Key Takeaways:
- Attackers stole at least $400,000 through fake Uniswap ads on Google Search
- Two wallet addresses tied to the scam held 146 ETH, worth roughly $306,000
- SEAL blocked 356+ malicious ad links over the past year as the campaign continues
Key Takeaways:

Scammers stole at least $400,000 from crypto users by placing fake Uniswap ads on Google Search, on-chain data shows.
Attackers siphoned at least $400,000 from crypto users through sponsored Google Search ads impersonating Uniswap, on-chain investigator b-block said on May 25.
"It's insane that Google has ignored this issue for years while fake links keep getting pushed above real ones and users keep getting drained," Stacy Muur, founder of Web3 marketing agency Green Dots, said.
Two wallet addresses tied to the operation held 146 ETH, worth roughly $306,000 at the time of reporting, per Etherscan data. The phishing campaign used a wallet drainer called AngelFerno — a scam-as-a-service tool that targets DeFi users through cloned interfaces. Attackers deployed Cyrillic characters in URLs to make fake domains appear visually identical to the legitimate app.uniswap.org.
The attack is the latest in a sustained campaign exploiting Google's advertising infrastructure for more than a year. The Security Alliance, or SEAL, reported that phishing campaigns tied to malicious Google ads stole more than $1.27 million between March 13 and 30 alone, with Uniswap accounting for 41% of all impersonated brands.
Victims who click a sponsored ad land on a convincing clone of the Uniswap interface.

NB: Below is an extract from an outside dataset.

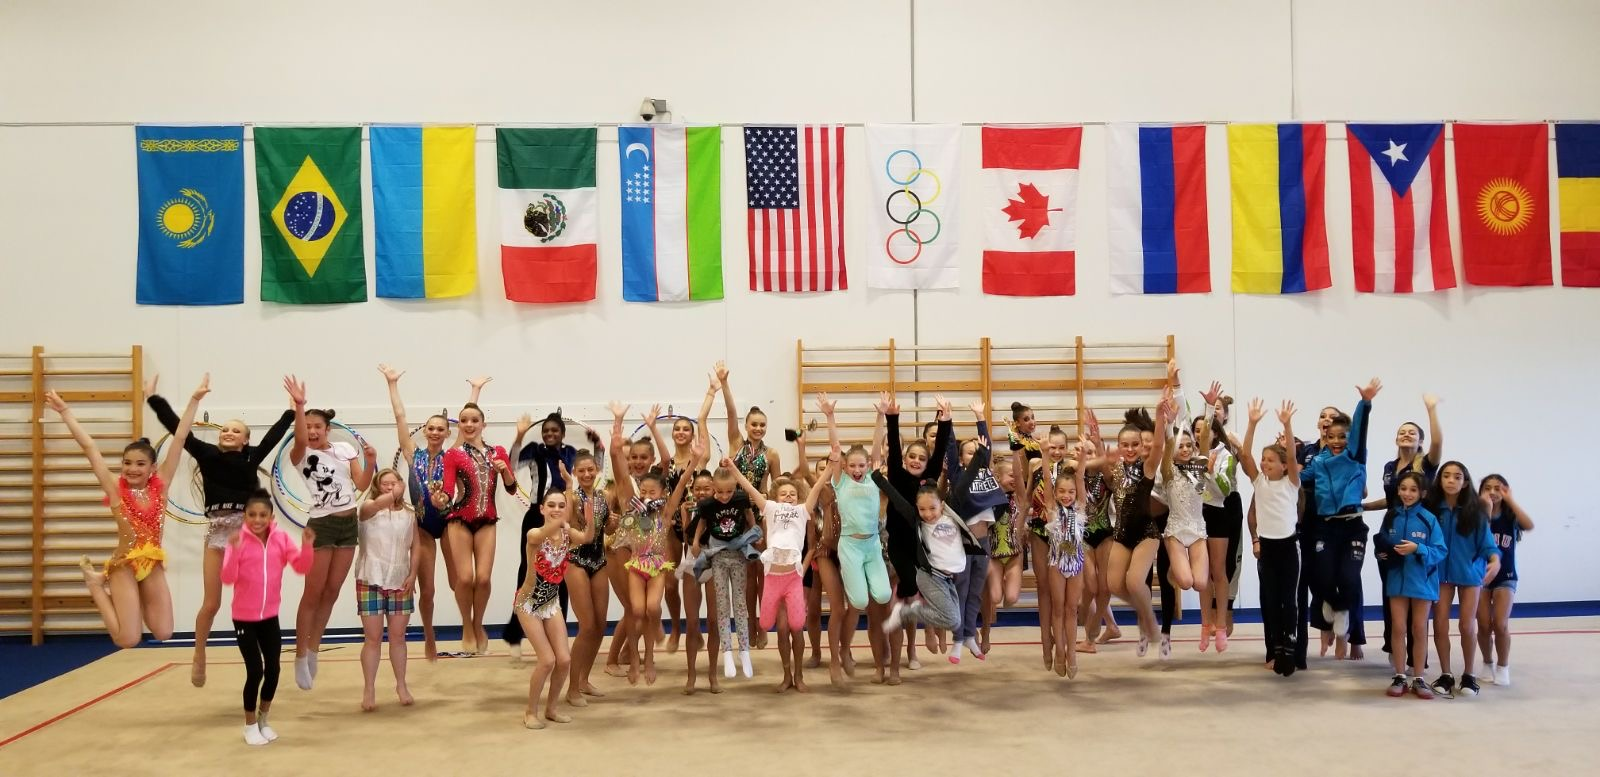 rhythmic gymnastics miami intensive summer camp international training base florida national team professional coaching

Connecting a wallet and signing a transaction grants attackers approval to drain assets directly. SEAL said it blocked more than 356 malicious advertisement links over the past year and warned the campaign remained active. One single theft in early March reached $385,000.
Beyond Uniswap, attackers have impersonated PancakeSwap, Morpho Finance, Hyperliquid, CoW Swap, and Ledger. Morpho Finance accounted for 31% of detected malicious sites. In early May, attackers also abused Google Ads alongside shared chats with the AI chatbot Claude in a malvertising campaign targeting Mac users.
Uniswap founder Hayden Adams criticized the ongoing scams in February, saying fraudulent apps impersonating Uniswap circulated while the company waited months for approval on Apple's App Store. He noted that scam advertisements continued to reappear despite ongoing reporting efforts.
The FBI's 2025 Internet Crime Report logged 181,565 cryptocurrency-related complaints totaling $11.36 billion in losses, a 22% increase from 2024. Crypto-linked phishing and spoofing alone produced 7,164 complaints and more than $111 million in reported losses.
This article is for informational purposes only and does not constitute investment advice.